Exhibit 10.1
FIRST AMENDMENT TO
THE
ASSET PURCHASE AGREEMENT DATED
MAY 19, 2011
This First Amendment is made and
entered into as of July 1, 2011 (“ Amendment ”)
to the Asset Purchase Agreement ( “Agreement” )
dated as of May 19, 2011, by and among Deckers Outdoor Corporation,
a Delaware corporation ( “Parent” ), Deckers
Acquisition, Inc., a Delaware corporation and a wholly-owned
subsidiary of Parent ( “Purchaser” ), Deckers
International Limited, a Bermuda corporation ( “Deckers
Bermuda” ), Sanuk USA, LLC, a California Limited
Liability Company ( “Sanuk” ), the equity
holders of Sanuk Thomas J. Kelley ( “Kelley” )
and Ian L. Kessler ( “Kessler” ), C&C
Partners, Ltd., a California corporation (
“C&C” ), and the shareholders of C&C
Donald A. Clark ( “Clark” ) and Paul Carr (
“Carr” ).

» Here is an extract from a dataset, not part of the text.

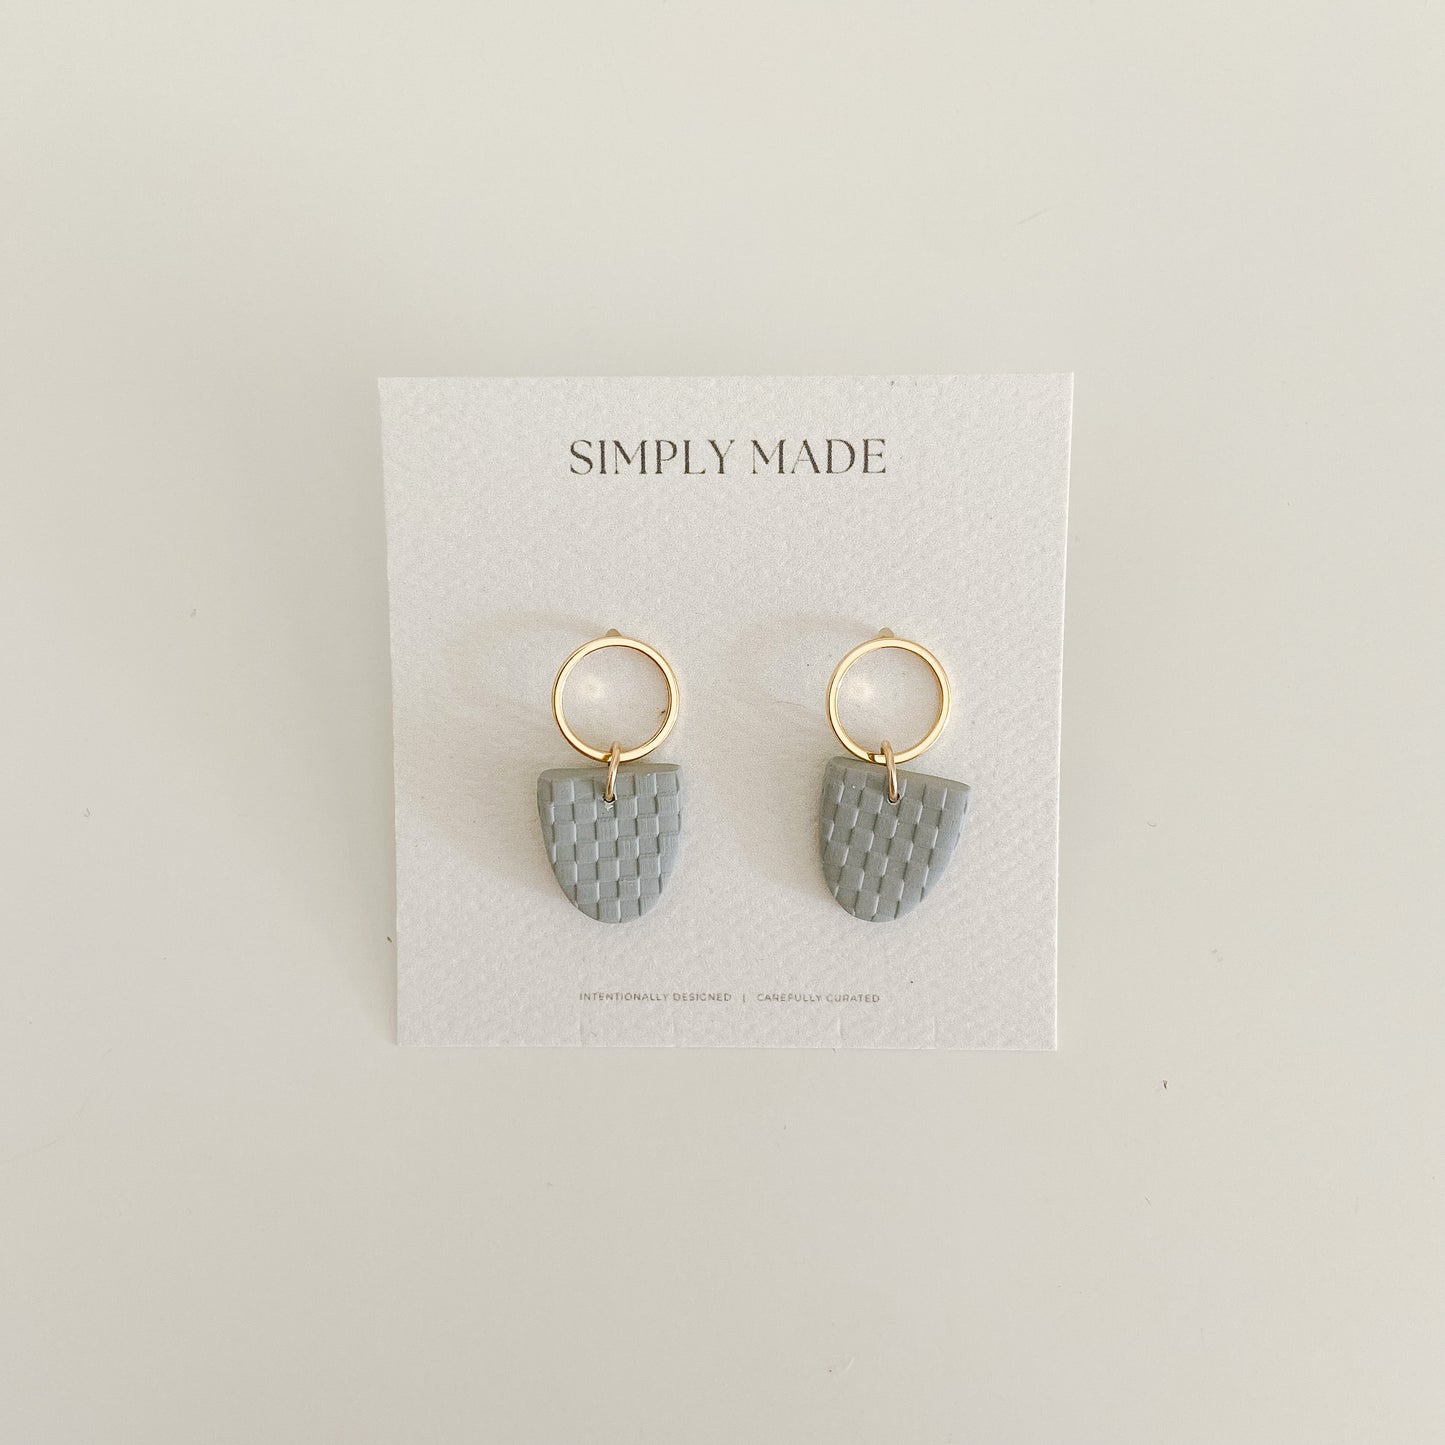 Checkered #3 — clay earrings

Capitalized terms used herein
and not otherwise defined herein shall have the meanings assigned
to such terms in the Agreement.
RECITALS
WHEREAS , as described in the Agreement, the parties to
the Agreement contemplated having Deckers Acquisition, Inc., a
Delaware corporation and a wholly-owned subsidiary of Parent,
purchase substantially all of the assets of each of Sanuk and
C&C related to the Business;
WHEREAS , pursuant to the Agreement, Deckers Bermuda is
to acquire from Sellers the International Exploitation Rights,
subject to the rights of Purchaser to, among other things, record
title of the Sanuk Intellectual Property and the C&C
Intellectual Property upon the closing of the transactions
contemplated by the Agreement;
WHEREAS , the parties to the Agreement now intend to
have Parent rather than Purchaser purchase substantially all of the
assets of each of Sanuk and C&C related to the Business;
and
WHEREAS , pursuant to the Agreement, Deckers Bermuda
will continue to acquire from Sellers the International
Exploitation Rights.
AGREEMENT
NOW, THEREFORE
, in consideration of the mutual
promises and covenants set forth herein, the parties hereto agree
that the Agreement shall be amended as follows:
1.
Amendments
.
(a)
Deckers Acquisition, Inc., a
Delaware corporation, shall no longer be a party to the Agreement,
and in connection therewith, each reference in the Agreement and in
the Ancillary Agreements to “Purchaser” shall now refer
only to Deckers Outdoor Corporation, a Delaware corporation.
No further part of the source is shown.